Does the revert mean there are still work to be done ?
(In reply to jan iversen from comment #26) > Does the revert mean there are still work to be done ? To see whether this issue is done, check whether there are any remaining uses of islower, isupper, tolower, toupper in C++ code (and I spot exactly one such use on current master).
in our own C++ code, there are 2 problematic areas left: * rsc has a couple calls to tolower/toupper, one of which is for a command line flag -I these can be replaced with toAsciiLowerCase like comment #3 says * setup_native/source/win32/wintools/ there are also some tolower calls in here, one of which is a command line flag -I because these are MSI DLLs, it is not possible to use sal library and toAsciiLowerCase here. instead, find some header in there and add the "easytolower" function to it, and replace tolower calls with that. also, this MSI code can only be built on Windows platform.

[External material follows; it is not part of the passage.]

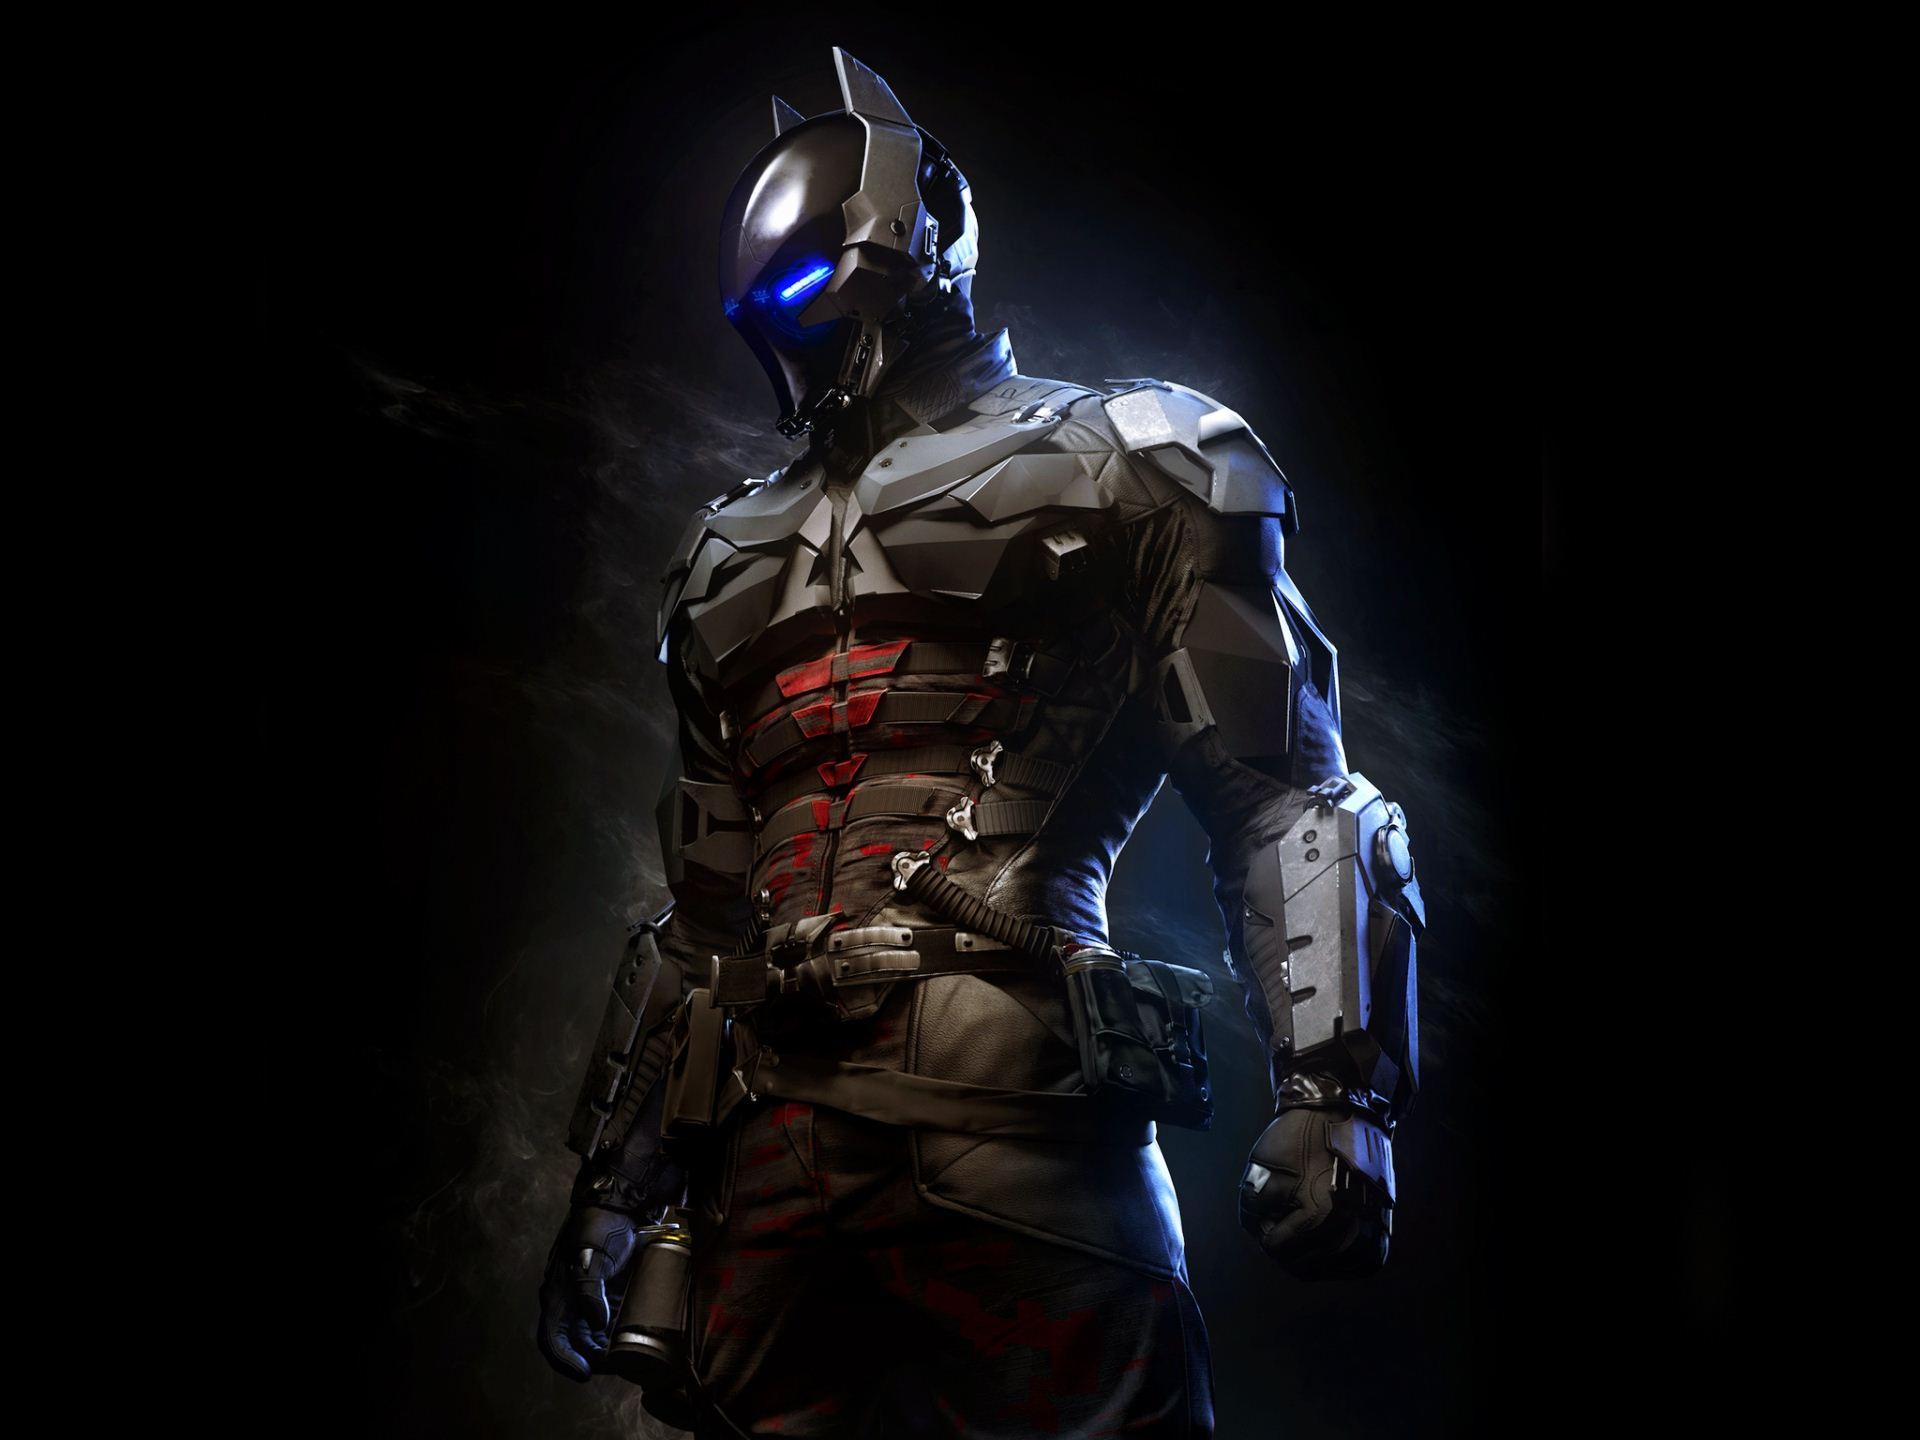 Batman: Arkham Knight Video Games 39 Cool Hd Wallpaper Wallpaper
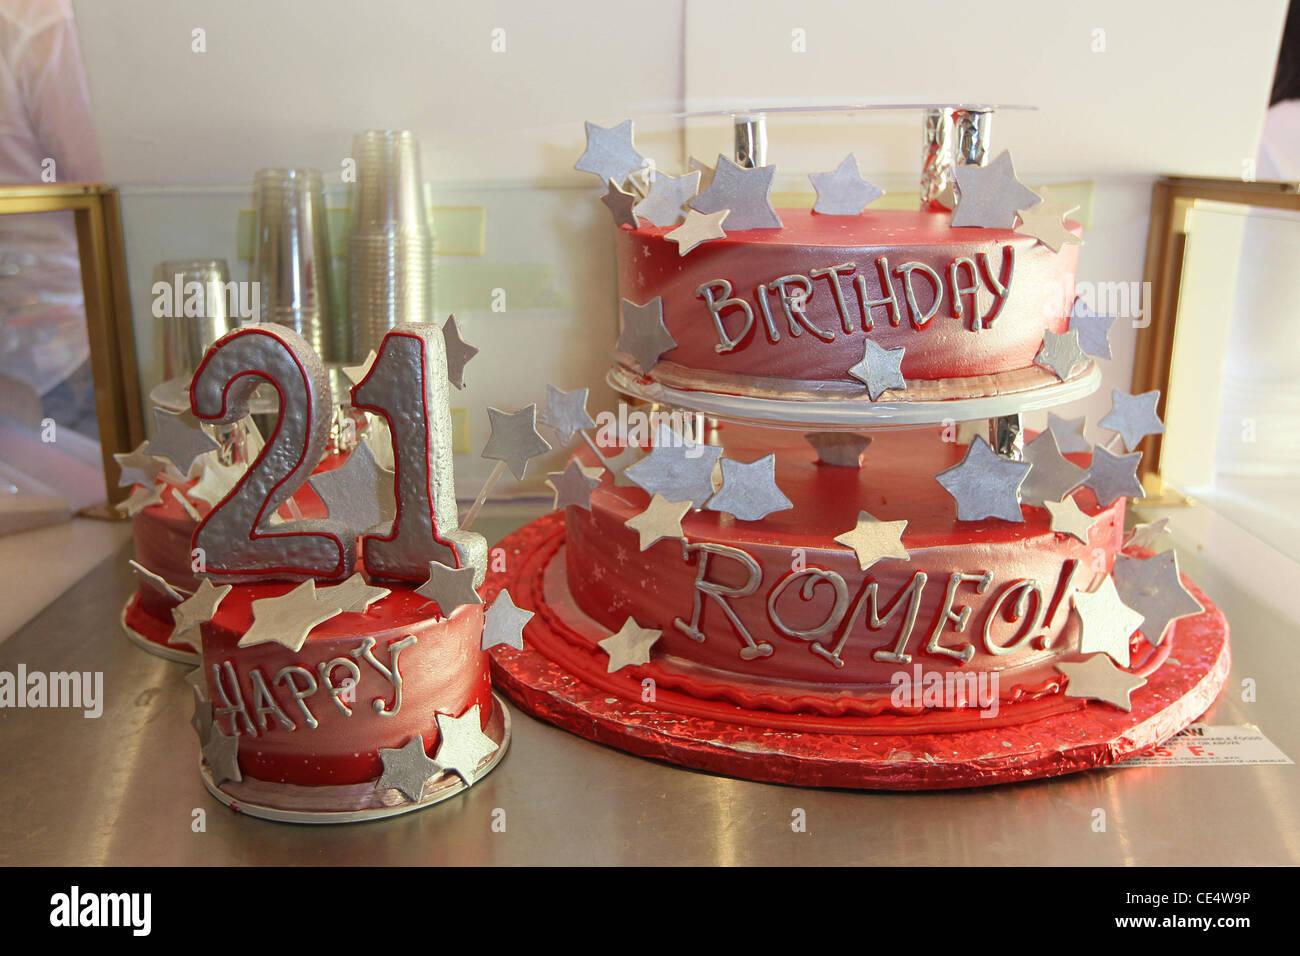 Jr Cake Romeo Celebrates His 21st Birthday By Creating A Custom Shake At Millions Of Milkshakes In West Hollywood Los Angeles California

Stephan points out that the "rsc/source/rscpp" stuff is C not C++ so you can't use toAsciiLowerCase there, put another "easytolower" there too i guess.
dilekuzulmez committed a patch related to this issue. It has been pushed to "master": http://cgit.freedesktop.org/libreoffice/core/commit/?id=33cbc99fea5a3e4b87e883fd60ec97d4503109f3 tdf#99589 tolower / toupper - dangerous to Turks ... It will be available in 5.4.0. The patch should be included in the daily builds available at http://dev-builds.libreoffice.org/daily/ in the next 24-48 hours. More information about daily builds can be found at: http://wiki.documentfoundation.org/Testing_Daily_Builds Affected users are encouraged to test the fix and report feedback.
(In reply to Stephan Bergmann from comment #20) > One idea that comes to mind is to extend include/rtl/character.hxx: For > every declaration of a function taking such a 'sal_uInt32' parameter, add > deleted definitions (using SAL_DELETED_FUNCTION, as character.hxx is URE > API) of overloads taking 'char' and 'unsigned char' parameters. That will > prevent dangerous uses of those functions from even compiling. meanwhile done as <https://cgit.freedesktop.org/libreoffice/core/commit/?id=7778d9f51bd1f4d086cafe95995406c3157afb89> "Prevent calls to rtl/character.hxx functions with (signed) char arguments"
(In reply to Stephan Bergmann from comment #27) > To see whether this issue is done, check whether there are any remaining > uses of islower, isupper, tolower, toupper in C++ code (and I spot exactly > one such use on current master). The only remaining calls to islower, isupper, tolower, toupper are in C code (which cannot use rtl/character.hxx) in rsc/source/rscpp/cpp{3,5}.c.